You are right. This is wrong. I will fix that.

> In Section 11.1, “at least one of the keys MUST validate”: This MUST is
> misleading because the section is about validator behavior, it needs to
> be lower case because this section cannot establish constraints on
> validator input.  There needs to be some discussion regarding the TTL on
> the NSEC5PROOF record, the validator should not accept arbitrary values
> there.

Good point.

> These days, online signatures should really use a non-deterministic
> signature scheme.  The deterministic FDH algorithm is very difficult to
> implement correctly.  But it is not actually referenced in the draft,
> there are no protocol elements that use FDH values.

NSEC5 relies on deterministic signature scheme for NSEC5 proofs. We
can't really use non-deterministic scheme, because we need exactly one
valid signature for a domain name and a key.
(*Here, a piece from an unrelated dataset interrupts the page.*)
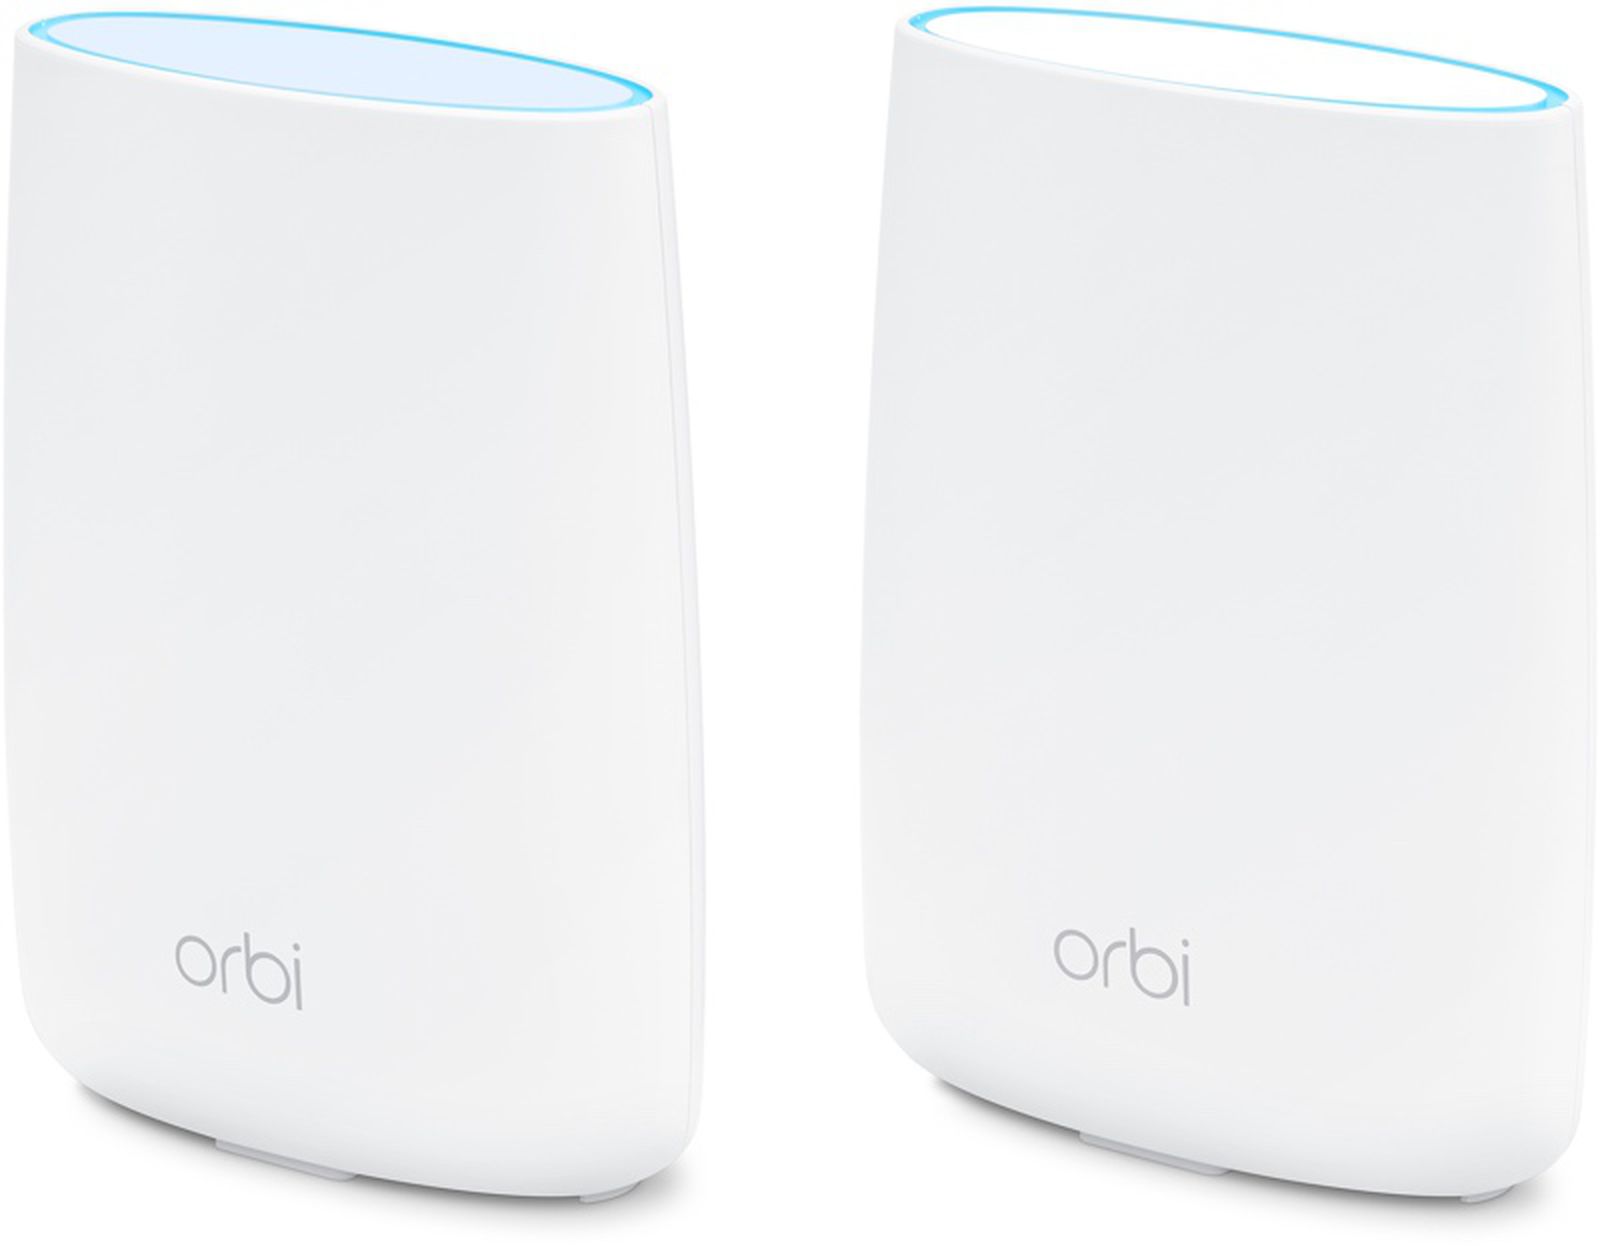 gevechten Touhou Opgewonden zijn Netgear's Orbi Mesh Wi-Fi Routers Now Available From Apple - MacRumors

If the signature scheme allowed to issue two different valid signatures
for one input, the slave servers could cheat on the client. Because that
would render different NSEC5 hashes and thus different positions in the
NSEC5 chain.

Why is the FDH difficult to implement? Take a look at Appendix A. in our
draft.

I also wrote a reference implementation for FDH in OpenSSL and
GnuTLS/Nettle. You can take a look at it and review the code (nobody did
it yet): https://gitlab.labs.nic.cz/knot/nsec5-crypto

> As specified in the draft, the NSEC5 protocol still exposes the chain of
> SHA-256 hashes of owner names.  It does not offer better protection
> against offline dictionary attacks than NSEC3.

Not really. The chain is build from NSEC5 hashes. And the client cannot
compute the NSEC5 hash without having the NSEC5 proof. And the NSEC5
proof cannot be computed without the private key.

Thank you a lot for your remarks! I will process them soon.